Вообще-то баян barcarola. А в остальном я полностью согласен со всеми Вами в общей оценке фильма - ТУФТА!


----------



## Sergey_Semenov (17 Май 2012)

Tushak писал:


> Вообще-то баян barcarola


Спасибо за поправку. Скажите, баян barcarola используется для солирования в оркестре?


----------



## Новиков Игорь (17 Май 2012)

Баркарола и прочие разновидности - это обычный ширпотреб, созданный для любительского музицирования и не более того.


----------



## oleg45120 (17 Май 2012)

Tushak писал:


> Вообще-то баян barcarola. А востальном я полностью согласен со всеми Вами в общей оценке фильма - ТУФТА!

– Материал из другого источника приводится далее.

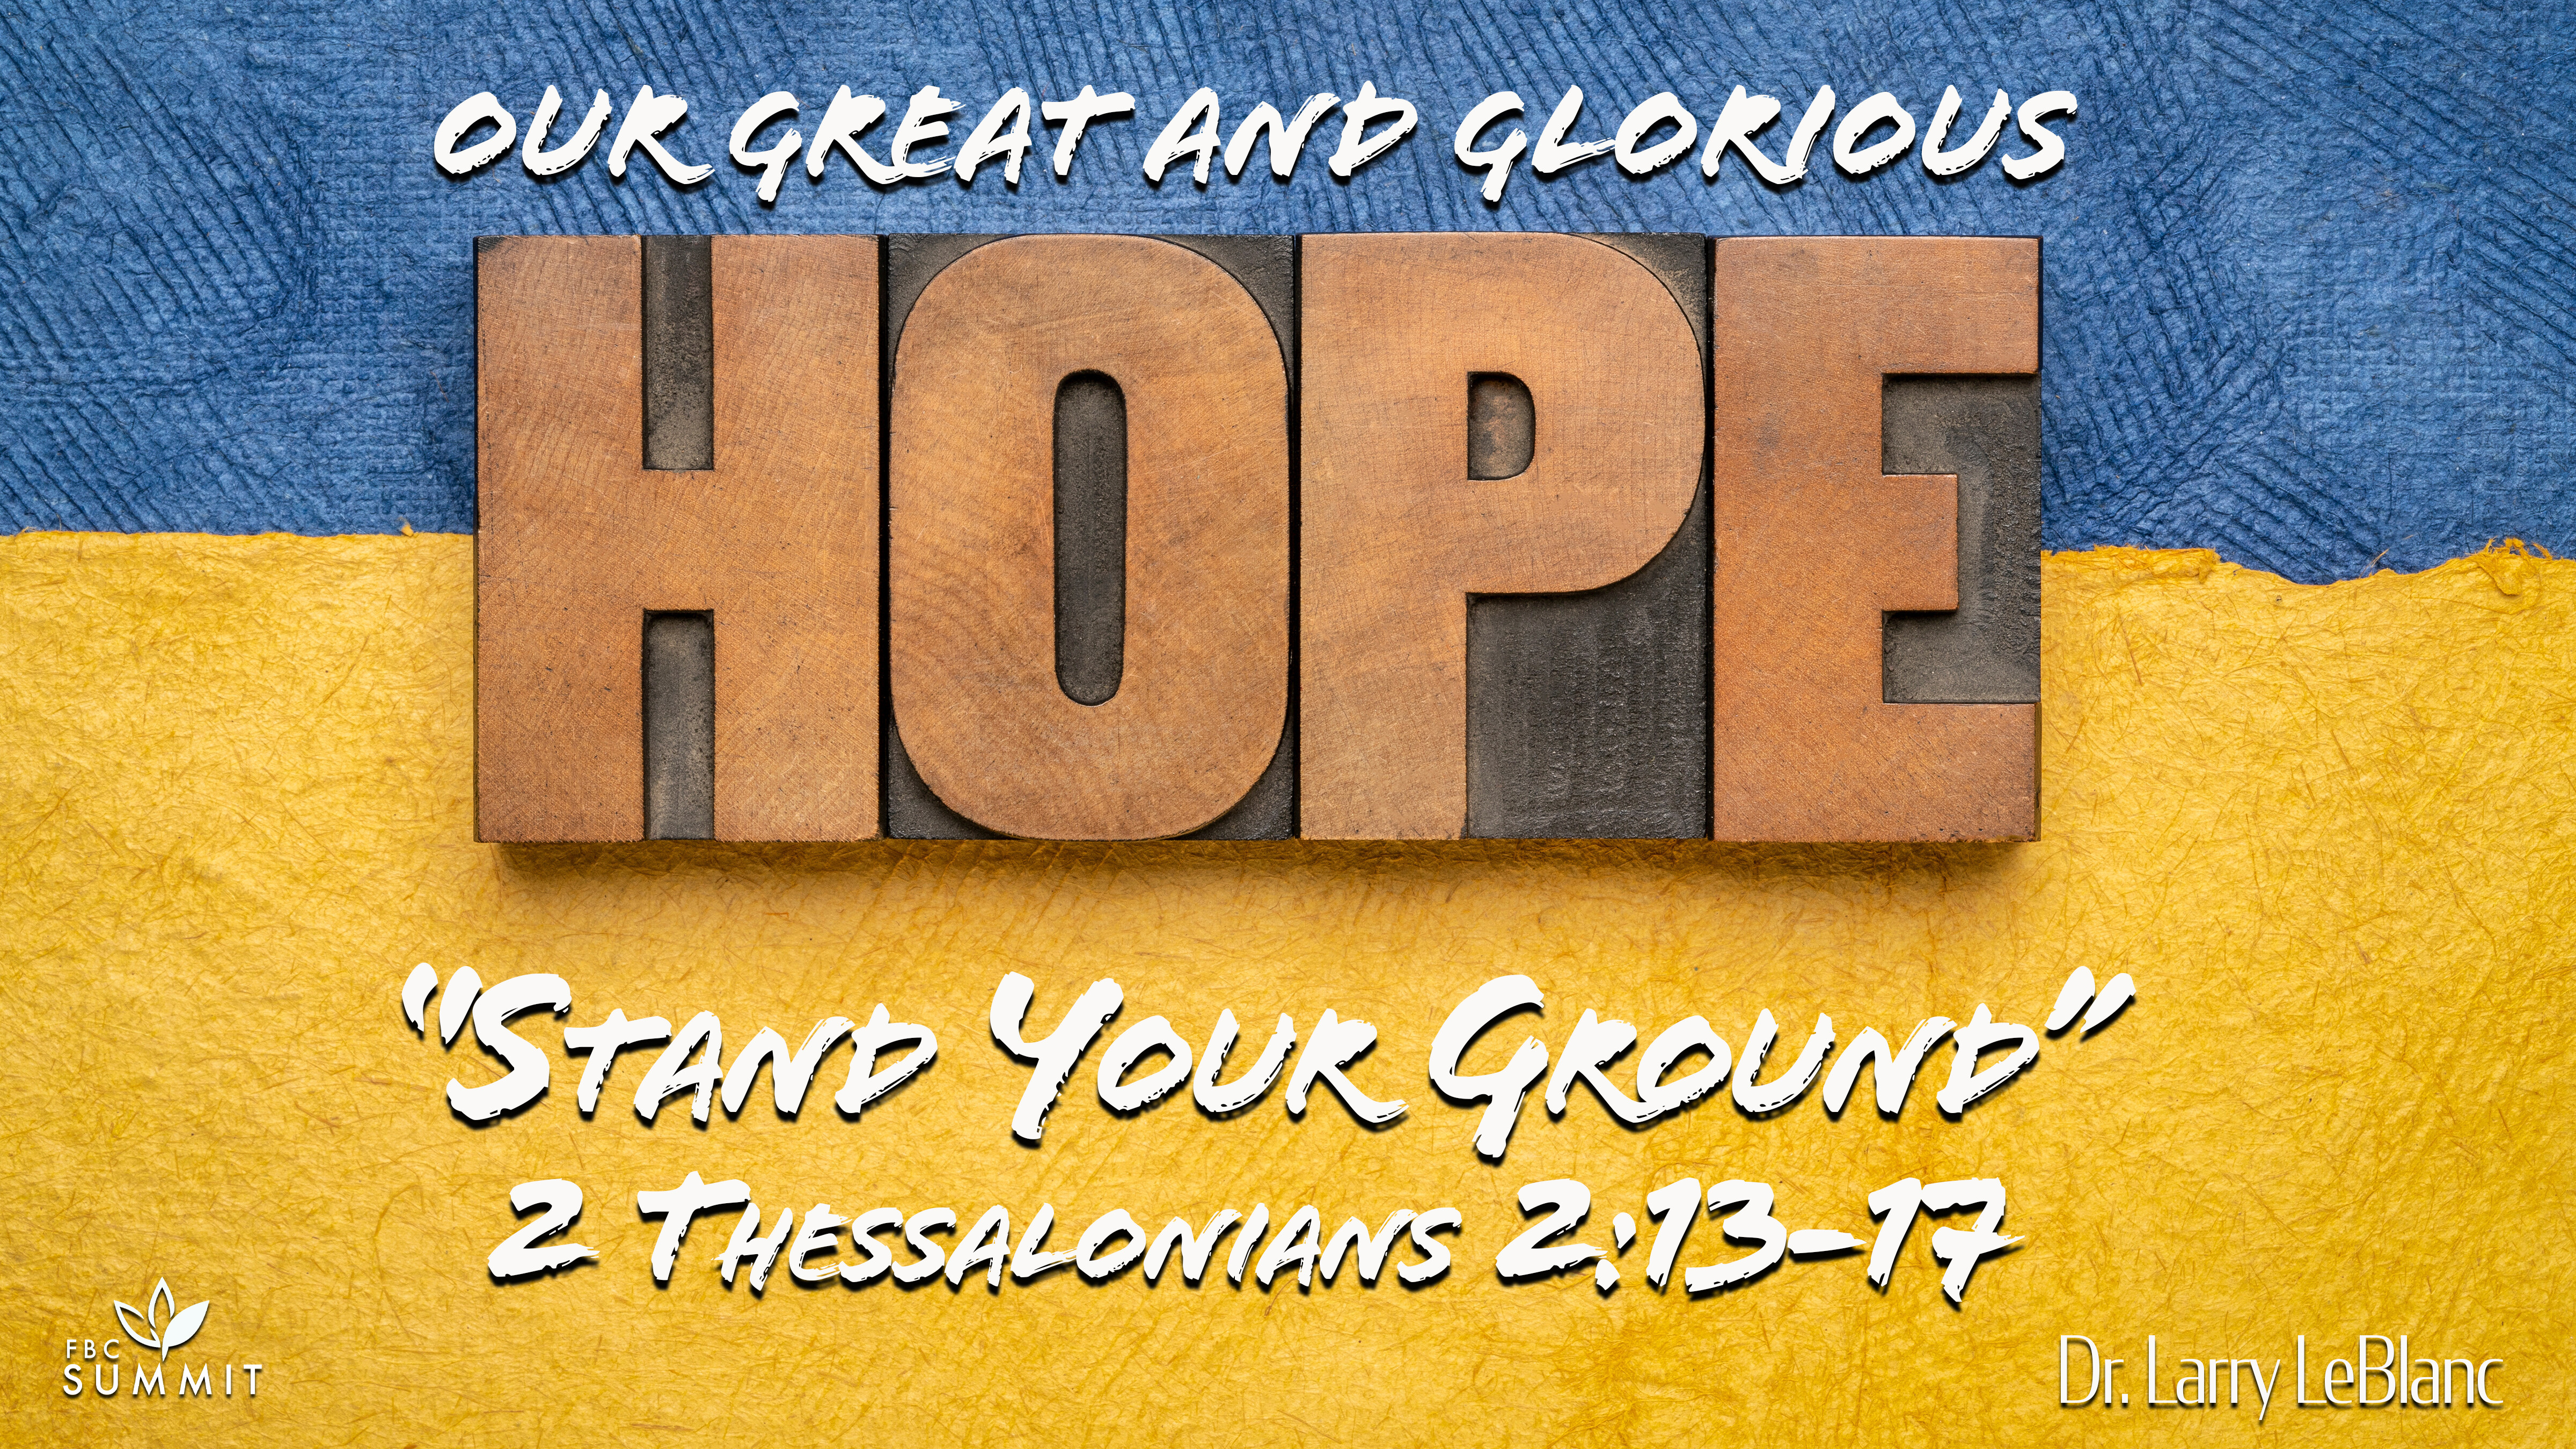 "Stand Your Ground" 2 Thessalonians 2:13-17 // Dr. Larry LeBlanc

Зато как звучал на нем Вивальди))


----------



## uri (17 Май 2012)

да фильм шедеврален))


----------



## MAN (18 Май 2012)

oleg45120 писал:


> Зато как звучал на нем Вивальди))


 Да, "огрызок" от "Яблочка" на "баяне мастера Кустова" в начале фильма прозвучал не так эффектно. Впрочем, может это как раз потому, что радиотехник космического машиностроения по первому образованию и экономист-актёр по второму Андрей Мерзликин держал его вверх тормашками? :biggrin:


----------



## Sergey_Semenov (18 Май 2012)

Кстати, баян Кустова можно приобрести тут: Ebay


----------



## ze_go (18 Май 2012)

Sergey_Semenov писал:


> Кстати, баян Кустова можно приобрести тут: Ebay smile


цена впечатляет!!


----------



## Jupiter (18 Май 2012)

ze_go писал:


> цена впечатляет!!



Да.Видимо в Европе не знают,что это "баян" Кустова.Цена на него не превашает 100 евро... Сам такой же сдал в комиссионку в 1997 году..Правда за 40 долларов у меня его выкупили...


----------